Please remove these entries from Add/Remove Programs in the Control Panel

Note: You should remove LimeWire. P2P (peer-to-peer) using P2P software is very risky, because it makes you very susceptible to infection, attack, exposure of personal or company information. But this is up to you to remove LimeWire

*LimeWire 4.18.8
Messenger Plus! Live *<--- http://en.wikipedia.org/wiki/Messenger_Plus!_Live

Please download *ATF Cleaner* by Atribune.

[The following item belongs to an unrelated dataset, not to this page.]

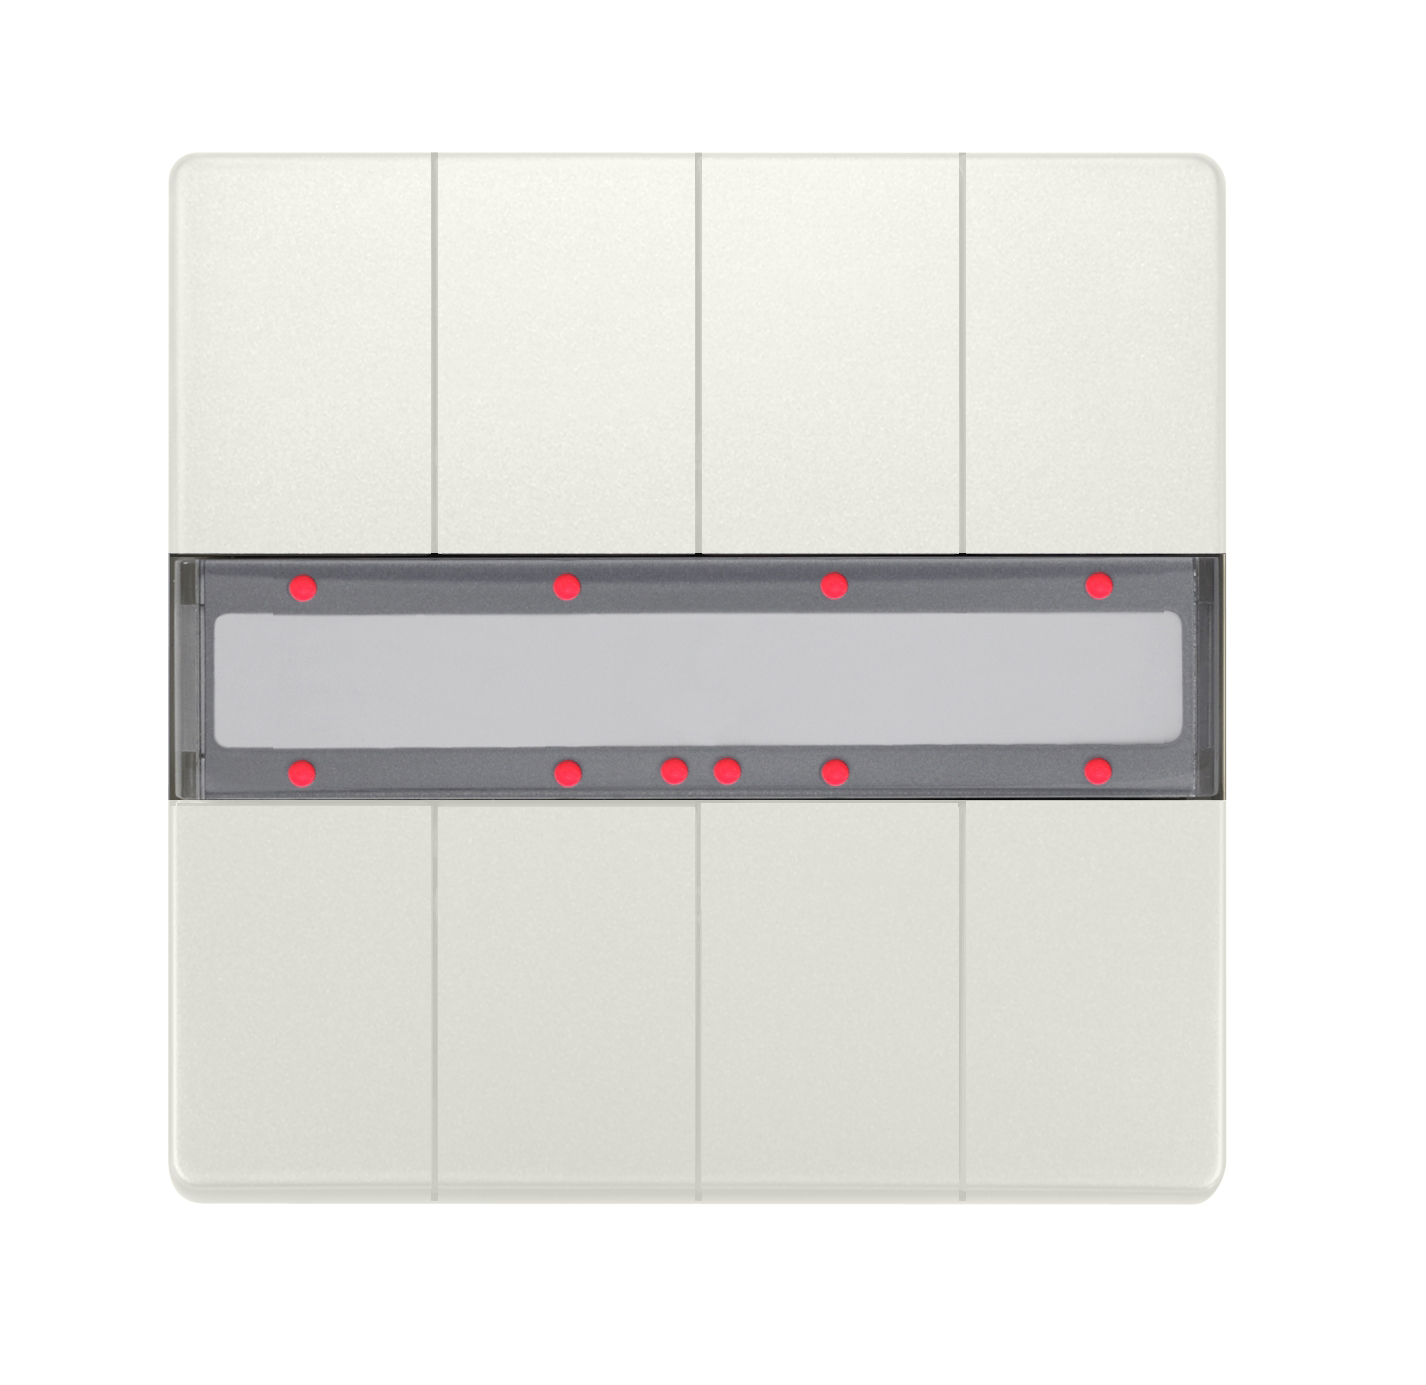 1 Stk Taster, 4-fach mit Status-LED, DELTA style, titanweiß KX2872AB14

Double-click *ATF-Cleaner.exe* to run the program. 
Under *Main* choose: *Select All* 
Click the *Empty Selected* button. 

Click *Exit* on the Main menu to close the program.

*Next*

Please download *Malwarebytes Anti-Malware* and save it to your desktop. _alternate link 1_ _alternate link 2_
Make sure you are connected to the Internet.
Double-click on *Download_mbam-setup.exe* to install the application.
When the installation begins, follow the prompts and do not make any changes to default settings.
When installation has finished, make sure you leave both of these checked:
*Update Malwarebytes' Anti-Malware*
*Launch Malwarebytes' Anti-Malware*

Then click *Finish*.
MBAM will automatically start and you will be asked to update the program before performing a scan. If an update is found, the program will automatically update itself. Press the *OK* button to close that box and continue. _If you encounter any problems while downloading the updates, manually download them from here and just double-click on mbam-rules.exe to install._
On the Scanner tab:
Make sure the "*Perform Quick Scan*" option is selected.
Then click on the *Scan* button.

If asked to select the drives to scan, leave all the drives selected and click on the *Start Scan* button.
The scan will begin and "_Scan in progress_" will show at the top. It may take some time to complete so please be patient.
When the scan is finished, a message box will say "_The scan completed successfully. Click 'Show Results' to display all objects found_".
Click *OK* to close the message box and continue with the removal process.
Back at the main Scanner screen, click on the *Show Results* button to see a list of any malware that was found.
Make sure that *everything is checked*, and click *Remove Selected*.
When removal is completed, a log report will open in Notepad and you may be prompted to restart your computer. _(see Note below)_
The log is automatically saved and can be viewed by clicking the *Logs* tab in MBAM.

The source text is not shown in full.